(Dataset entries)
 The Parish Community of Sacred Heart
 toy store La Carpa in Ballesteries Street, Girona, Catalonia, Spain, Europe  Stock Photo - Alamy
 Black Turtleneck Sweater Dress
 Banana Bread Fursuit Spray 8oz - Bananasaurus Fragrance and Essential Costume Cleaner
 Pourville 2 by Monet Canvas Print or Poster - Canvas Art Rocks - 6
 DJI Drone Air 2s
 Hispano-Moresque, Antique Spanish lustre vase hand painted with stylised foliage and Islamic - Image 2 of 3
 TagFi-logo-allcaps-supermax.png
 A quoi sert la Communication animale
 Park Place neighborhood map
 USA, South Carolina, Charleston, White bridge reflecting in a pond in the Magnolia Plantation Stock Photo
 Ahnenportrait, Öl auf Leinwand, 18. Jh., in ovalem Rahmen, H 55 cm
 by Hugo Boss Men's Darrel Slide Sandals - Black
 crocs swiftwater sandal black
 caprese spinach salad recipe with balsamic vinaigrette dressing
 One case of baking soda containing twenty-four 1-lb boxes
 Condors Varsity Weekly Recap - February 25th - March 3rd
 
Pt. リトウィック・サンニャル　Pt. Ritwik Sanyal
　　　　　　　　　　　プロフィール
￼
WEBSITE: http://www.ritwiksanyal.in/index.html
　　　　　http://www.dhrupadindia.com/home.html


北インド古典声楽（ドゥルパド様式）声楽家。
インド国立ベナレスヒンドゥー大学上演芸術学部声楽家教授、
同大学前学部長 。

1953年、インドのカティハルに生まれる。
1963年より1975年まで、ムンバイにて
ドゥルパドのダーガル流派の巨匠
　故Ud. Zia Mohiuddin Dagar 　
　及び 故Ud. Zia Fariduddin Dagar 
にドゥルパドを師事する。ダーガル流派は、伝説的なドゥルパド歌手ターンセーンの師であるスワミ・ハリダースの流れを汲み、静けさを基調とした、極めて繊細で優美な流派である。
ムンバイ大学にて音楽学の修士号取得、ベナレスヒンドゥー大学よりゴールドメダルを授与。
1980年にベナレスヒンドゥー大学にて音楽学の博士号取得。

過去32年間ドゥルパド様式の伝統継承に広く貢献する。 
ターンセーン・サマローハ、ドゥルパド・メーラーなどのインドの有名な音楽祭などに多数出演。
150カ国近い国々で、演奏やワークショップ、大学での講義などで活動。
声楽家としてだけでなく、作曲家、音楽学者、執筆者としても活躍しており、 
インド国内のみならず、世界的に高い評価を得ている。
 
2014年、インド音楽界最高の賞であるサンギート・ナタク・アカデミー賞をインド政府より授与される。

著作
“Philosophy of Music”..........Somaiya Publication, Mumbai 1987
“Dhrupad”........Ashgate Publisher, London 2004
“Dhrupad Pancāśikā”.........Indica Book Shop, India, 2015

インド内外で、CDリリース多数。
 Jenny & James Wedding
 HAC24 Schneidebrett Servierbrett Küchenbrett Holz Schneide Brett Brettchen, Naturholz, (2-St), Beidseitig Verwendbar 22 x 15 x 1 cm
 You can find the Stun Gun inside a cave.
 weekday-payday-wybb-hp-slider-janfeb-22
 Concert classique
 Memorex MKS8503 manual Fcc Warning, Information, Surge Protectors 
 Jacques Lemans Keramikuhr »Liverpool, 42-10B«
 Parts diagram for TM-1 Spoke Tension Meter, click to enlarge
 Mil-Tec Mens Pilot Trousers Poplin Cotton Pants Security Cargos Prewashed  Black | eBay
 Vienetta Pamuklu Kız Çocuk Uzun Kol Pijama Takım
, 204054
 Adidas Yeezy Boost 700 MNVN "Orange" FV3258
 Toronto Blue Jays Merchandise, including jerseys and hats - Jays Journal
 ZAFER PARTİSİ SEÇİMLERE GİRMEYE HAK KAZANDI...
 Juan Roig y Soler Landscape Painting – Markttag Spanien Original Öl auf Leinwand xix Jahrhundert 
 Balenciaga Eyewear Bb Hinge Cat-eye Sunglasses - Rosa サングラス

▶ _Your objective_
Up to and including the line with "Park Place neighborhood map", repeat the data exactly, starting from its first line; nothing else belongs in the response.

▶ _Answer for this exercise_
 The Parish Community of Sacred Heart
 toy store La Carpa in Ballesteries Street, Girona, Catalonia, Spain, Europe  Stock Photo - Alamy
 Black Turtleneck Sweater Dress
 Banana Bread Fursuit Spray 8oz - Bananasaurus Fragrance and Essential Costume Cleaner
 Pourville 2 by Monet Canvas Print or Poster - Canvas Art Rocks - 6
 DJI Drone Air 2s
 Hispano-Moresque, Antique Spanish lustre vase hand painted with stylised foliage and Islamic - Image 2 of 3
 TagFi-logo-allcaps-supermax.png
 A quoi sert la Communication animale
 Park Place neighborhood map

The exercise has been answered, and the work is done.